Un vieux soldat retraité de l'armée de Franco prend le gamin en affection et lui donne son nom. Il l'inscrit à l'école laïque et encadre ses premières années. Lorsque le petit garçon trouve enfin la vérité sur le secret de sa naissance et tente de se laisser mourir, « Sargento » fait tout pour lui rendre le goût de vivre...

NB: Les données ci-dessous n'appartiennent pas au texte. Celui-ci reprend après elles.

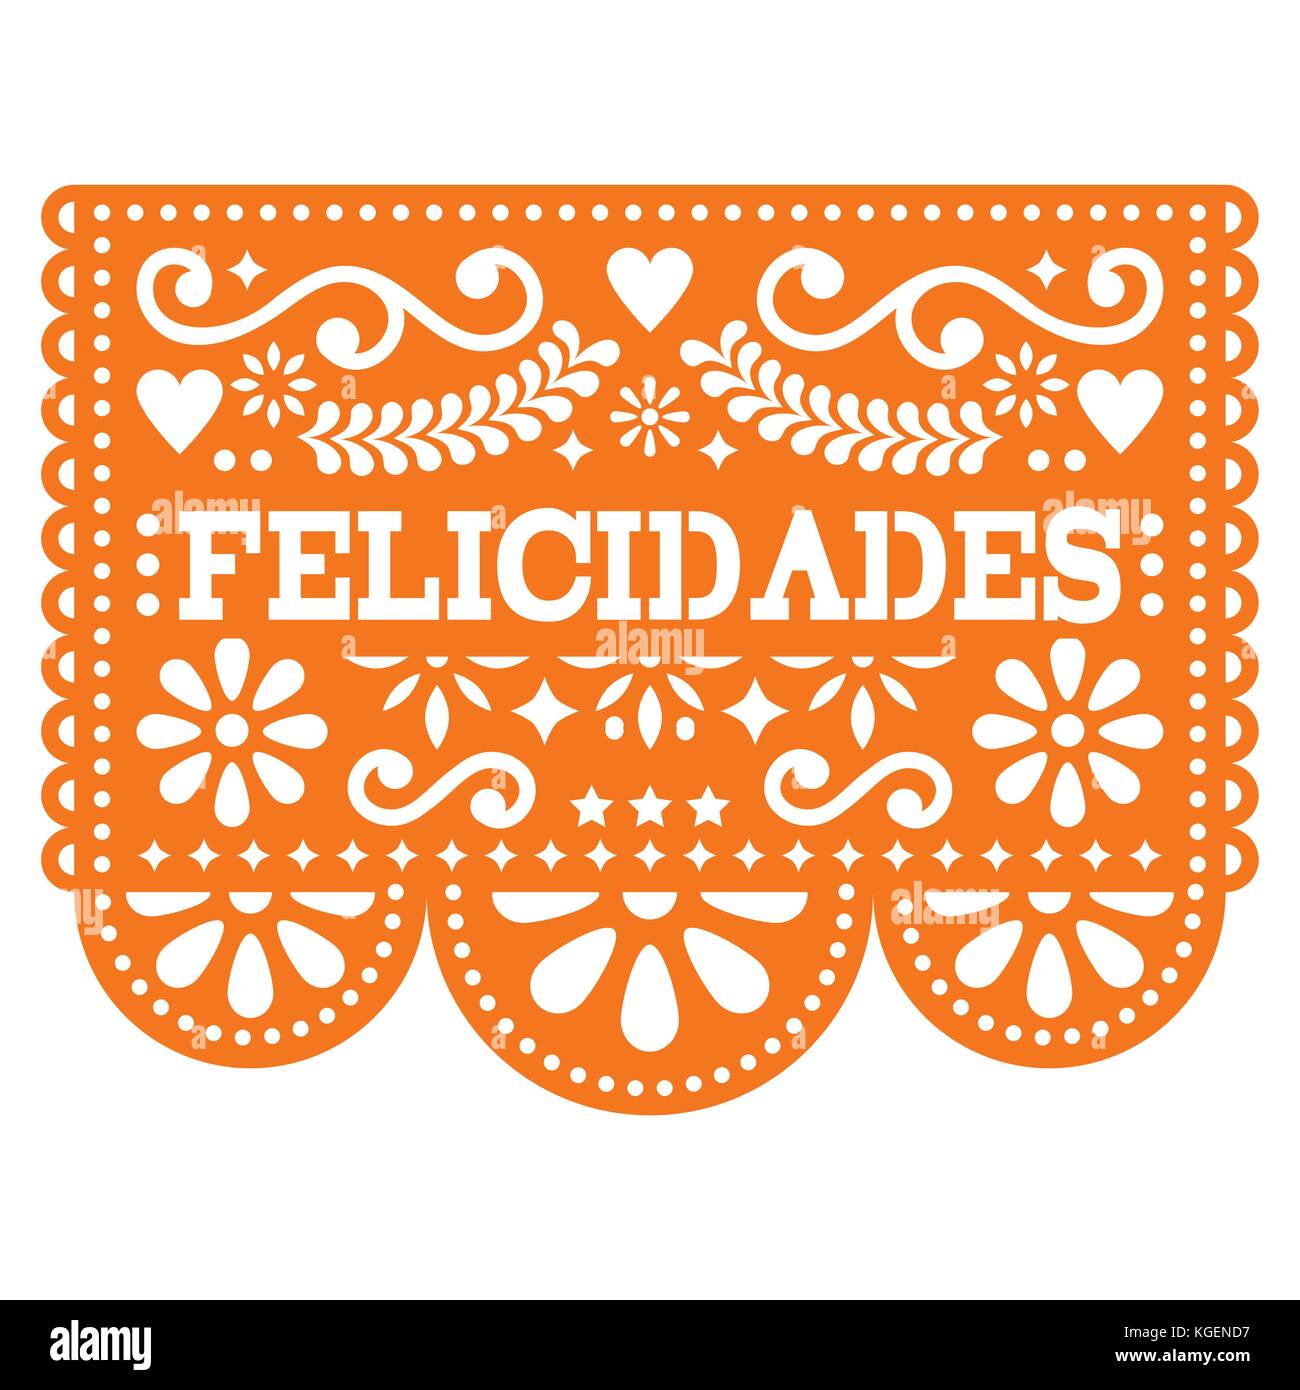 Felicidades Papel Picado vector design - gratulations design, Mexican paper decoration with pattern and text Stock Vector

La première partie de la saga d'Amarouche, l'histoire de son enfance et de son adolescence, compte plus de trois cents pages. Au premier abord, l'écriture d'Issa Aït Belize semble lourde, inutilement métaphorique, voire ampoulée. On a l'impression que l'écrivain travaille « au dictionnaire » pour donner à son texte l'épaisseur des mots compliqués. Si on dépasse l'entrée en matière un peu laborieuse, on se laisse cependant prendre par une écriture qui, vraisemblablement, est marquée par la culture berbère. Le héros ne reproche-t-il pas à sa mère de lui parler « un langage d'adulte, rehaussé de métaphores colorées que le berbère distille indéfiniment, atavisme d'une langue têtue qui persistait en dépit de tout dans sa floraison ». Mise en abyme : oserons-nous formuler à notre tour semblable reproche à l'écrivain ?
Ce jeu avec les beaux mots, les vocables compliqués, ce goût pour les formules métaphoriques appuyées finissent par donner au paysage du Poblado civil tangérois et aux aventures d'Amarouche une certaine touche d'authenticité.